Sarah Rose Bieszczad, CWTS, Leiden University

Sarah Rose Bieszczad is a PhD researcher at the Centre for Science and Technology Studies at Leiden University, where she is part of the Fluidknowledge project. Her work focuses on the deep sea research, through which she has become fascinated and frustrated by deep sea mining and how it is proposed as the solution to the clean energy transition. Outside of her project research, Sarah Rose advocates for more ways of doing activism in and with STS, both through her work with WTMC (Dutch STS society) and EASST.

Efe Cengiz, University of Groningen, Campus Fryslân

Efe Cengiz is a PhD student at the University of Groningen, Campus Fryslan. His work concerns the production and imagination of the futures of olive grove landscapes in Aegean Turkey, through struggles of knowledge/power amongst interested and not-only-human actors.

Viliina Kaikkonen, Global Development Studies, University of Helsinki

Viliina Kaikkonen is a doctoral researcher in global development studies at the University of Helsinki. Her research interests centre upon the social, political, and material processes related to mineral exploration projects, and she is currently conducting ethnographic research on lithium prospecting in Portugal.

Sofie Kronberger, Department of Social and Cultural Anthropology, University of Vienna

Sofie Kronberger is a medical anthropologist and science and technology scholar interested in Hearing and Listening, Data Economies, and Artificial Intelligence. Before starting her PhD at the “Health Matters” Research Group led by Janina Kehr at the Dept. of Social and Cultural Anthropology, University of Vienna, she was a researcher for the interdisciplinary research project K.Rex, researching machine learning in law enforcement at the Department of Science and Technology Studies at the University of Vienna. 

Rhys Anil Madden, Department of Anthropology, The London School of Economics and Political Science

 Rhys is an ESRC-funded PhD student in Anthropology at the LSE. He is interested in people’s ideas about the coastal commons and its future, particularly with regards to climate change, managed retreat, coastal recreation and habitat restoration.

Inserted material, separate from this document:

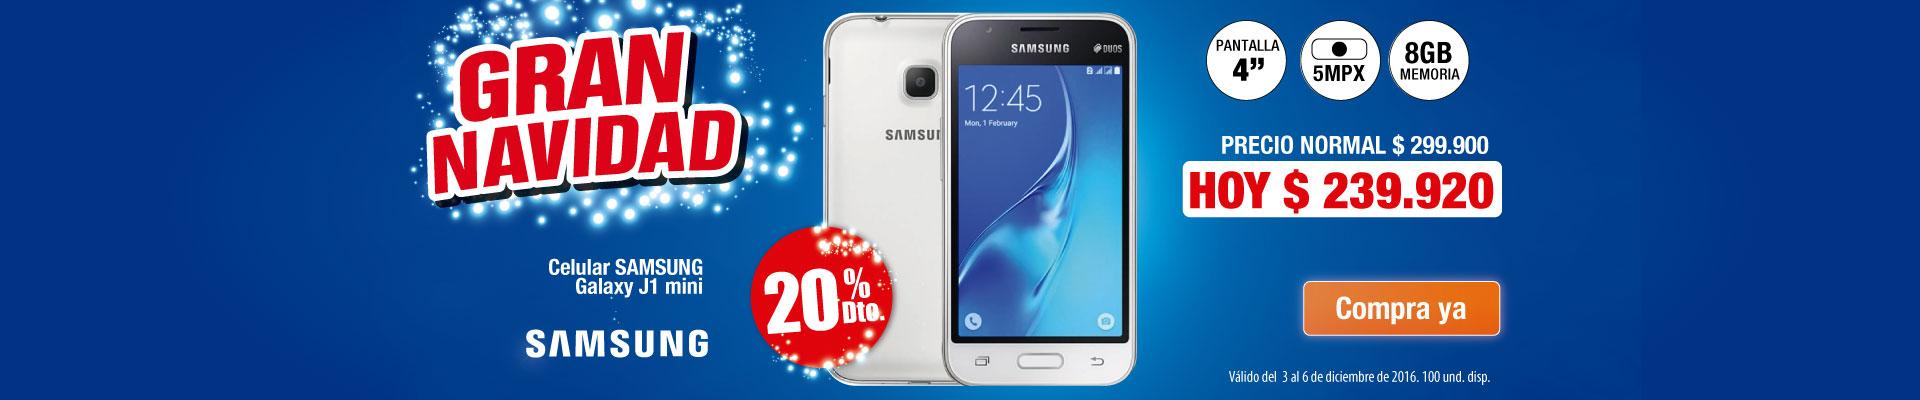 Celular Samsung Galaxy J1 mini - AK

Ricardo Paris, Institute of Development Research and Development Policy / Institute of Geography
Ruhr-Universität Bochum

Ricardo Paris is a PhD candidate at Ruhr University Bochum in International Development Studies at the Institute of Development Research and Development Policy (IEE), member of the Research Group Interdisciplinary Geoinformation Sciences. His present work is focused on territorial transformations and mega-infrastructures in northern Mozambique.

Juan Antonio Samper, Lund University Center for Sustainability Studies

Juan is a doctoral researcher at Lund University´s Centre for Sustainability Studies. He is currently conducting ethnographic research about the defense of the territory in the Colombian Amazon.

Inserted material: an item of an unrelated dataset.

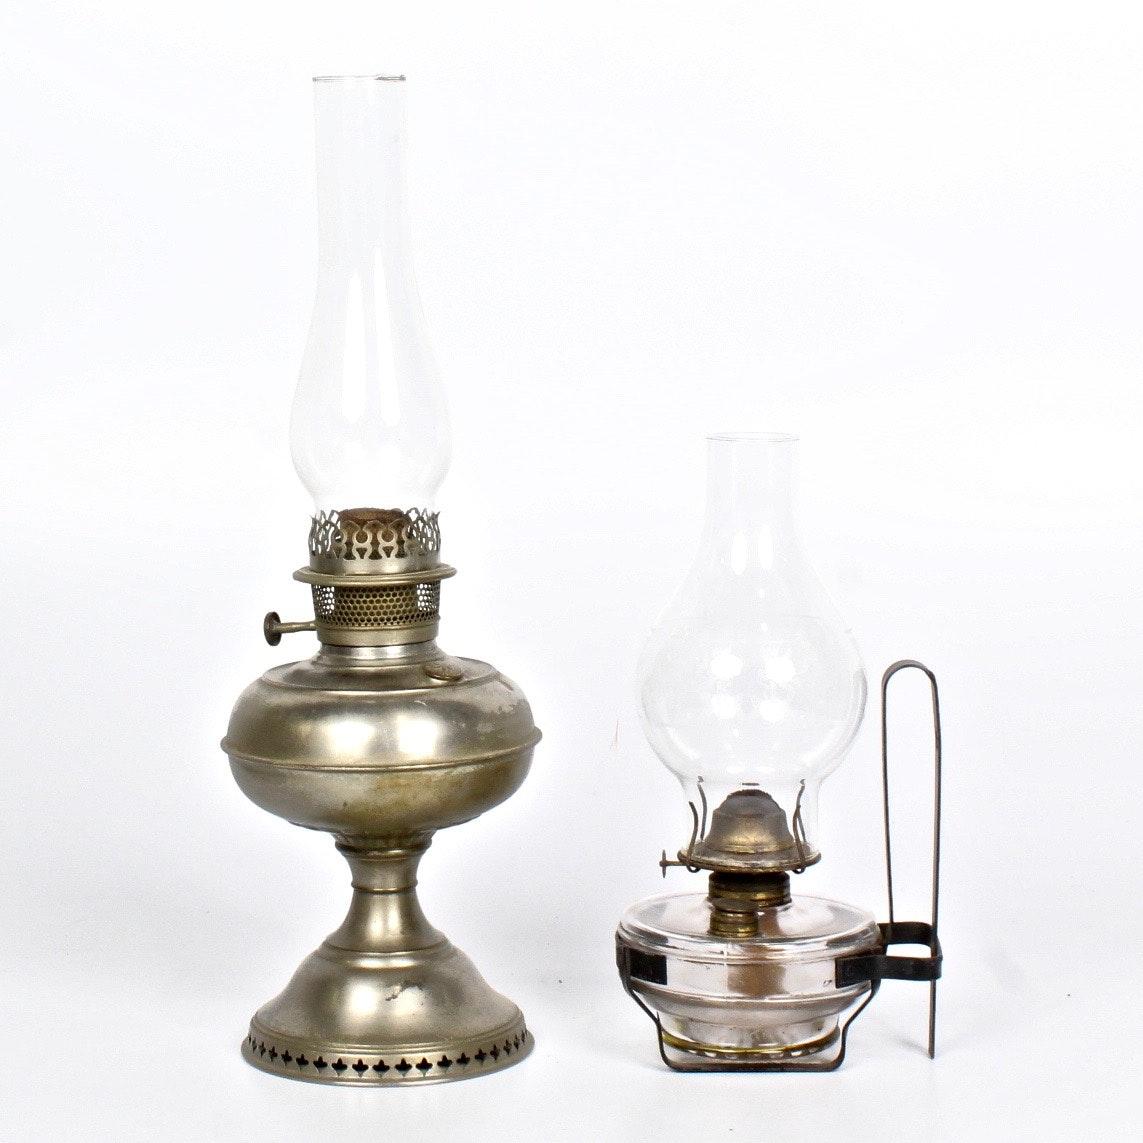 Pair of Kerosene Lamps

Lea Marie Sasse, Department of Media and Social Sciences, University of Stavanger

Lea Marie Sasse is a PhD candidate at the Department of Media and Social Sciences at the University of Stavanger, researching trans-local justice implications of the transition to electric vehicles. The project explores the tensions and meanings associated with the siting of a gigafactory in Germany and the development of mineral extraction in Argentina. She holds a Master’s degree in Economic Development from Lund University. Her research interests lie in development studies, energy geographies and political ecology.